37. The transmission of claim 29, wherein the wound body and the shaft shank have mating cross-sectional contours at least where the wound body wraps around shaft shank.

38. The transmission of claim 37, wherein the mating cross-sectional contours of the wound body and the shaft shank are of essentially circular cylindrical configuration and the resistance to relative rotation between the wound body and the shaft shank is solely due to primarily based on frictional engagement of between the wound body and the shaft shank provided by the elastic bias of the wound body.

39. The transmission of claim 37, wherein the mating cross-sectional contours are of substantially non-circular configuration so that positive engagement between the wound body and the shaft shank provides an additional resistance to relative rotation between the wound body and the shaft shank.

40. The transmission of claim 29, wherein a wrap angle of the wound body around the shaft shank is in the range from about 4 π to about 12 π.

41. The transmission of claim 40, wherein the wrap angle of the wound body around the shaft shank is in the range from about 6 π and about 10 π.

42. The transmission of claim 41, wherein the wrap angle of the wound body around the shaft shank is in the range from about 7.5 π and about 8.5 π.

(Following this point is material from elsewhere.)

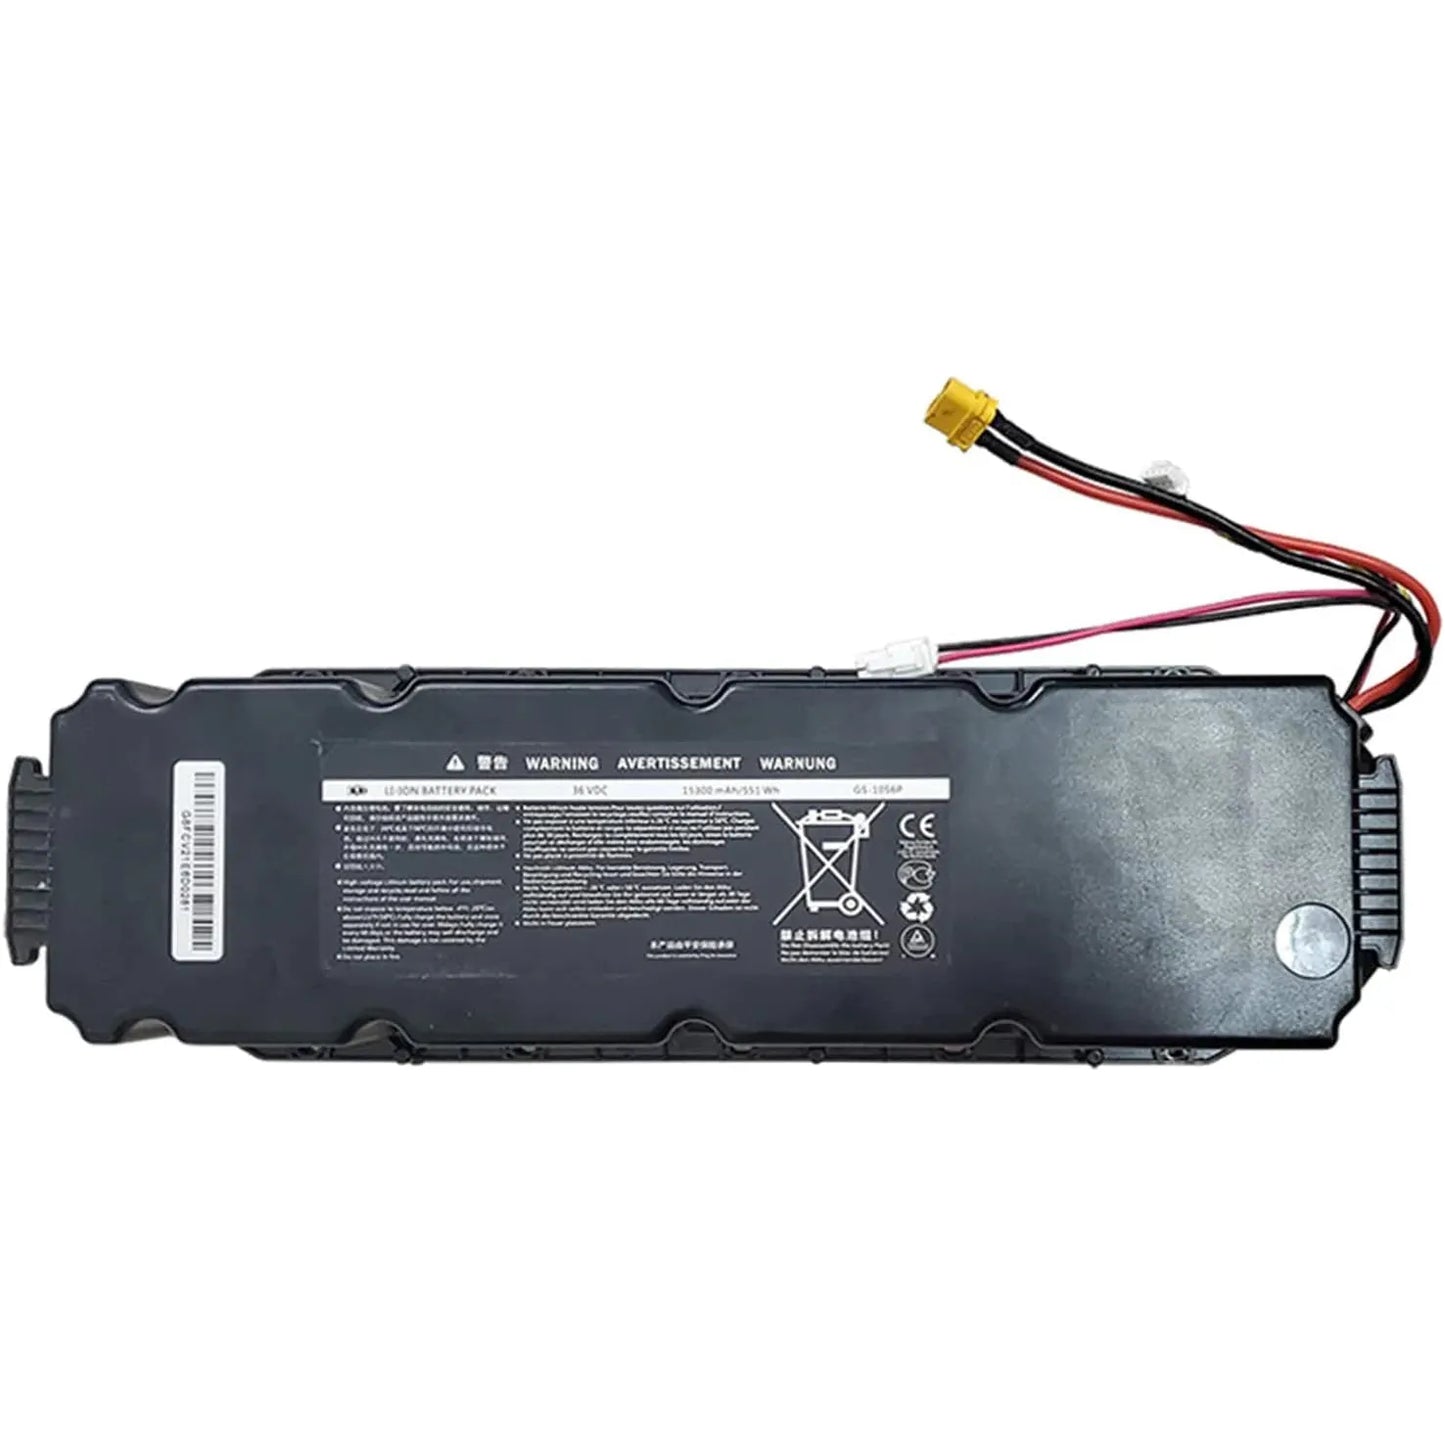 Segway Ninebot Max G30 Replacement Battery - Power in Motion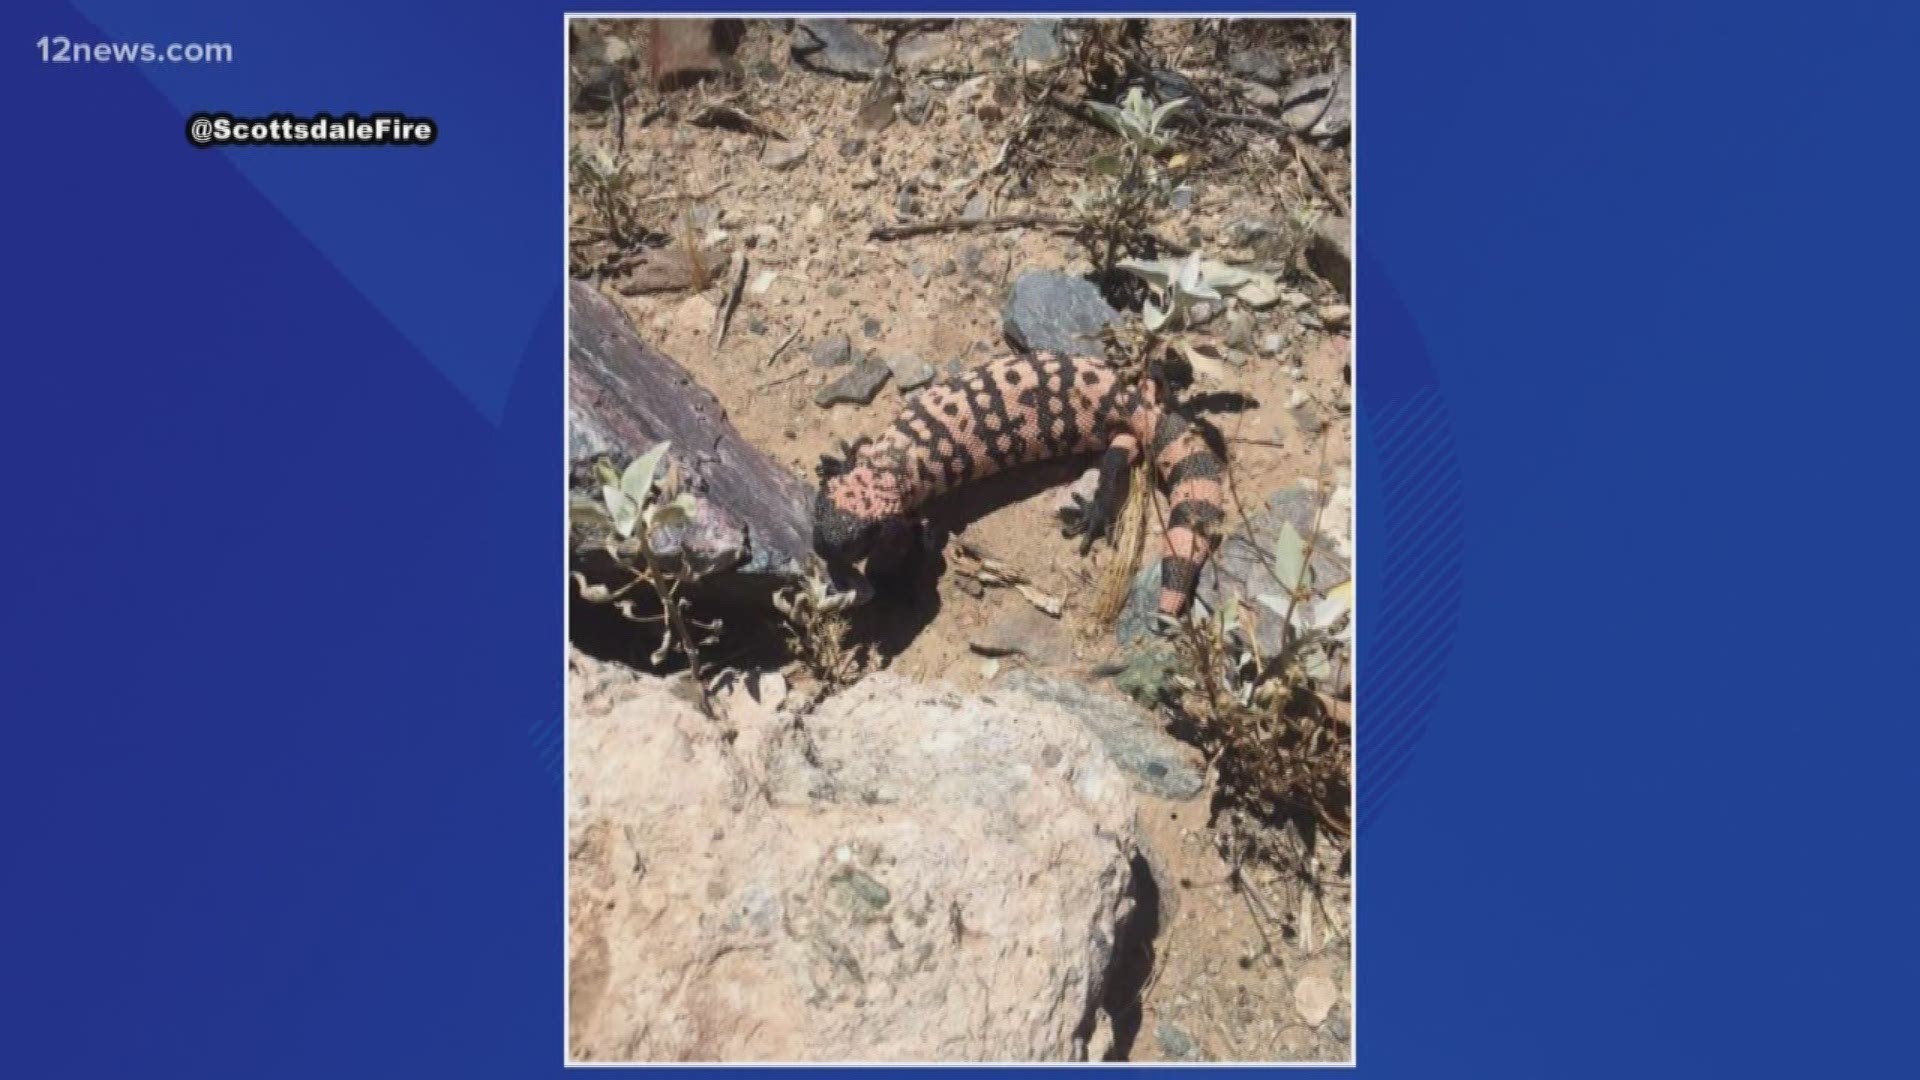 Scottsdale firefighters were called out to a home to relocate a Gila monster so painters could continue their work. When firefighters remove Gila monsters they make sure to put them in a safe and natural area.

43. The transmission of claim 29, wherein the wound body has coils with a material diameter smaller than a shaft shank diameter.

44. The transmission of claim 43, wherein the material diameter of the coils ranges between about one-quarter to about one-half of the shaft shank diameter.

45. A drive shaft for small electric appliances, the drive shaft comprising a shaft shank mounting a force transmission piece, wherein the force transmission piece includes a wound body wrapping around the shaft shank in a manner resisting relative rotation between the wound body and the shaft shank.

46. The drive shaft of claim 45 wherein the force transmission piece also includes a function arm connected with the wound body.

47. The drive shaft of claim 46 wherein the wound body and the function arm are integrally made of one piece.

48. The drive shaft of claim 46 wherein the function arm has an eccentric coupling pin extending roughly parallel preferably to the shaft shank longitudinal axis.

49. The drive shaft of claim 48 wherein the coupling pin extends axially from the wound body so it protrudes beyond the latter's end.

50. The drive shaft of claim 47 wherein the one piece is formed of bent wire.

51. The drive shaft of claim 45 wherein the force transmission piece forms a spring body.

52. The drive shaft of claim 49 wherein the force transmission piece is made of spring steel.

53. The drive shaft of claim 45 wherein the wound body is held on the shaft shank under elastic bias solely by frictional engagement therewith.

54. The drive shaft of claim 45 wherein the wound body and the shaft shank have mating cross-sectional contours at least in that shank section in which the wound body wraps around the shaft shank.

55. The drive shaft of claim 54 wherein the mating cross-sectional contours are of circular cylindrical configuration.

56. The drive shaft of claim 45 wherein a wrap angle of the wound body around the shaft shank is in the range from about 4 π to about 12 π.

57. The drive shaft of claim 56 wherein the wrap angle is in the range between about 6 π and about 10 π.

58. The drive shaft of claim 56 wherein the wrap angle is in the range between about 7.5 π and about 8.5 π.

59. The drive shaft of claim 45 wherein the wound body has coils with a material diameter smaller than a shaft shank diameter.

60. The drive shaft of claim 59 wherein the material diameter is in the range between about one-quarter to one-half of the shaft shank diameter.